The boom in internet-enabled mobile phones, apps and other high-tech gadgets in recent decades has led to an explosion of personal data that firms now harvest, process and sell.
The Bank for International Settlements (BIS) paper published on Thursday said while most countries already have some laws around data use, most individuals still were not aware of what was at stake, or their rights over their data.
Authorities should therefore adopt new data governance systems to “level the playing field between data subjects and data controllers,” the paper said.
They should require firms to get clearer consent to collect data, better explain how it was being used and make it easier to be accessed by those from whom it was harvested.
“When data are shared between data providers and data users, the data governance system should specify which data are requested for sharing, how long they will be retained by data users, and who will process them,” the paper said.
Discover the stories of your interest
The BIS’s role as hub for top central banks underscores just how broad-based the clamour for stricter data rules now spreads.
Current controls differ widely. While the European Union’s General Data Protection Regulation (GDPR), which took effect in 2018, is generally seen as the most comprehensive, it is still seen as having issues.
Other parts of the world are far less advanced. The United States, for example, where most Big Tech firms are based, still has no overarching consumer privacy laws, instead relying on a patchwork of state and sector rules.
The paper said data subjects also lose out because their information often becomes locked in firms’ silos or platforms after using an app, website or service.
In turn, the companies can then combine that data with other attributes such as income and education to derive insights and predictions, thus creating “derived data” often seen as more valuable.
Young and less well-off people also tend to be denied loans due to a lack of previous credit history, whereas if they had full access to their online data, that could be used instead.

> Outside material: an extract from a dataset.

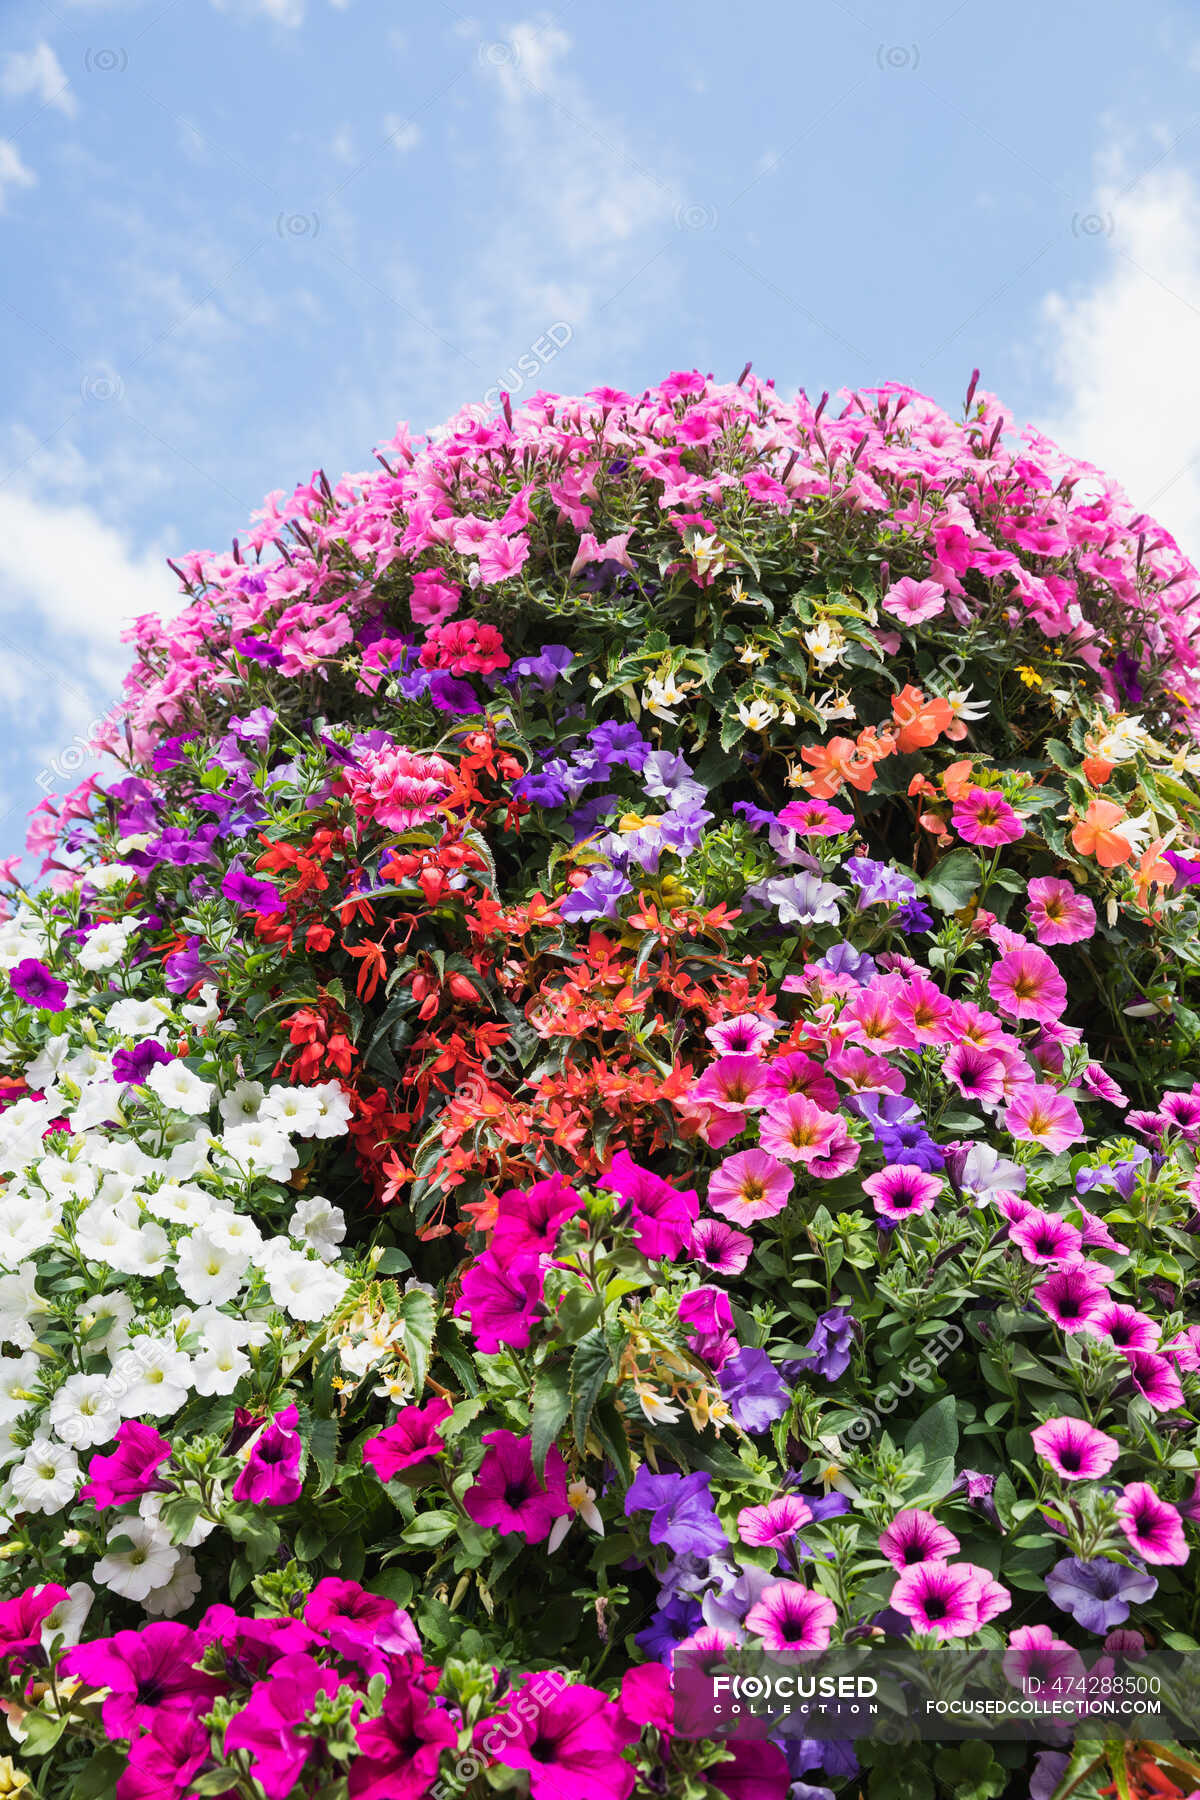 Macizo de flores de primavera de petunias coloridas y begonias —  Jardinería, Colorido - Stock Photo | #474288500
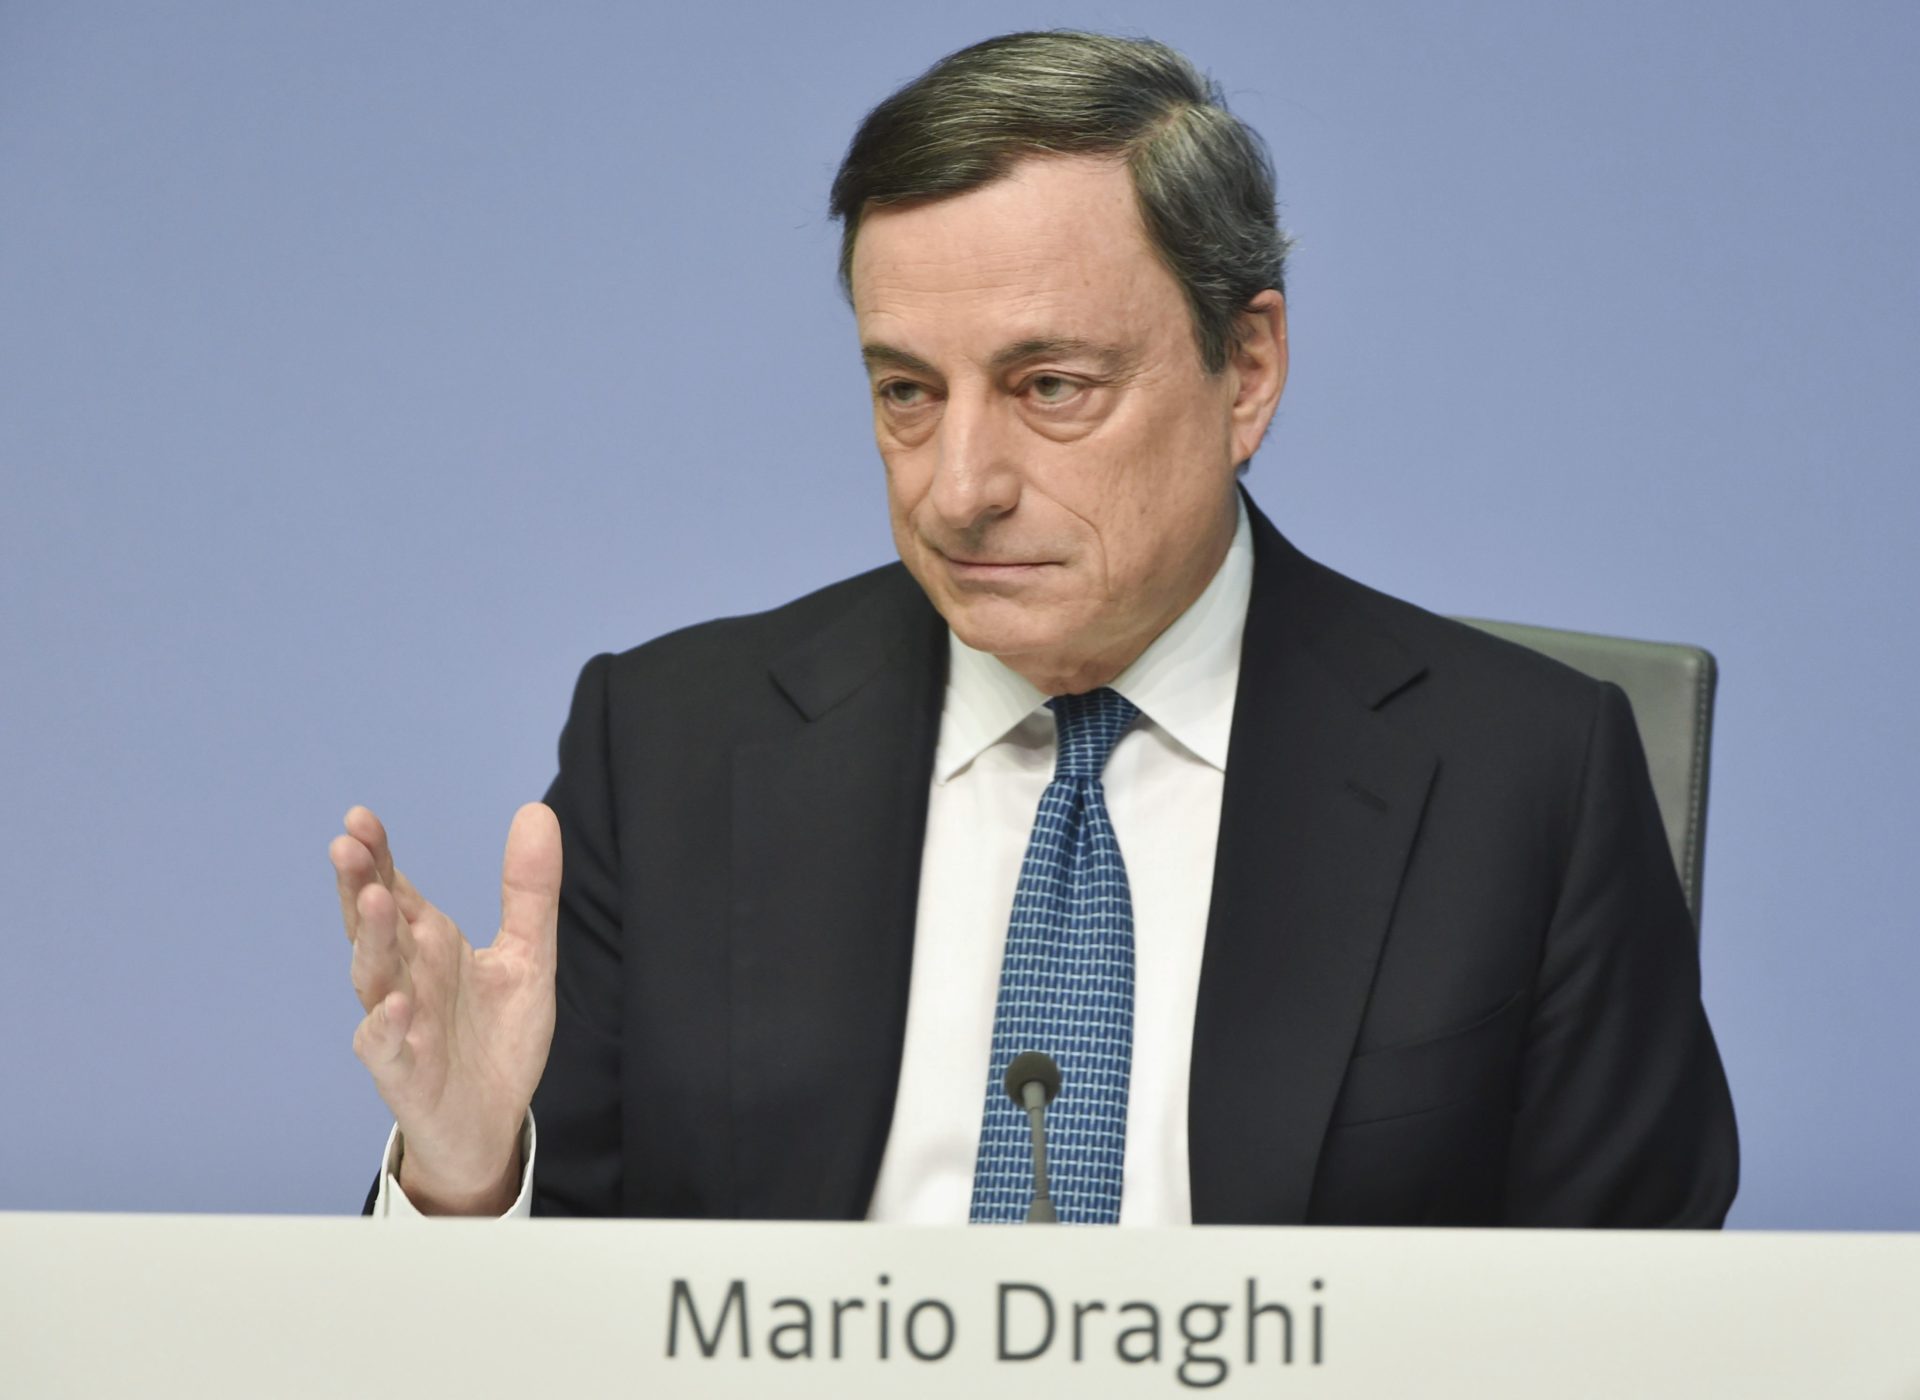 Mario Draghi. ECB. European Central Bank

“The young take time to accumulate tangible collateral and the poor may never acquire sufficient collateral,” the paper said. “These low-margin, high-risk consumers are uneconomical to reach in the traditional system without access to digital datasharing.”
It added any new governance system should meet the following five standards.
(i) purpose limitation – ensure that the purpose for which data is being shared is described in clear and specific terms.
(ii) data minimisation – share only as much data as is strictly necessary.
(iii) retention restriction – ensure that data is not shared for longer than required.
(iv) use limitation – ensure that data is used only for the purpose for which it was shared.
(v) operational resilience – ensure that data is secure.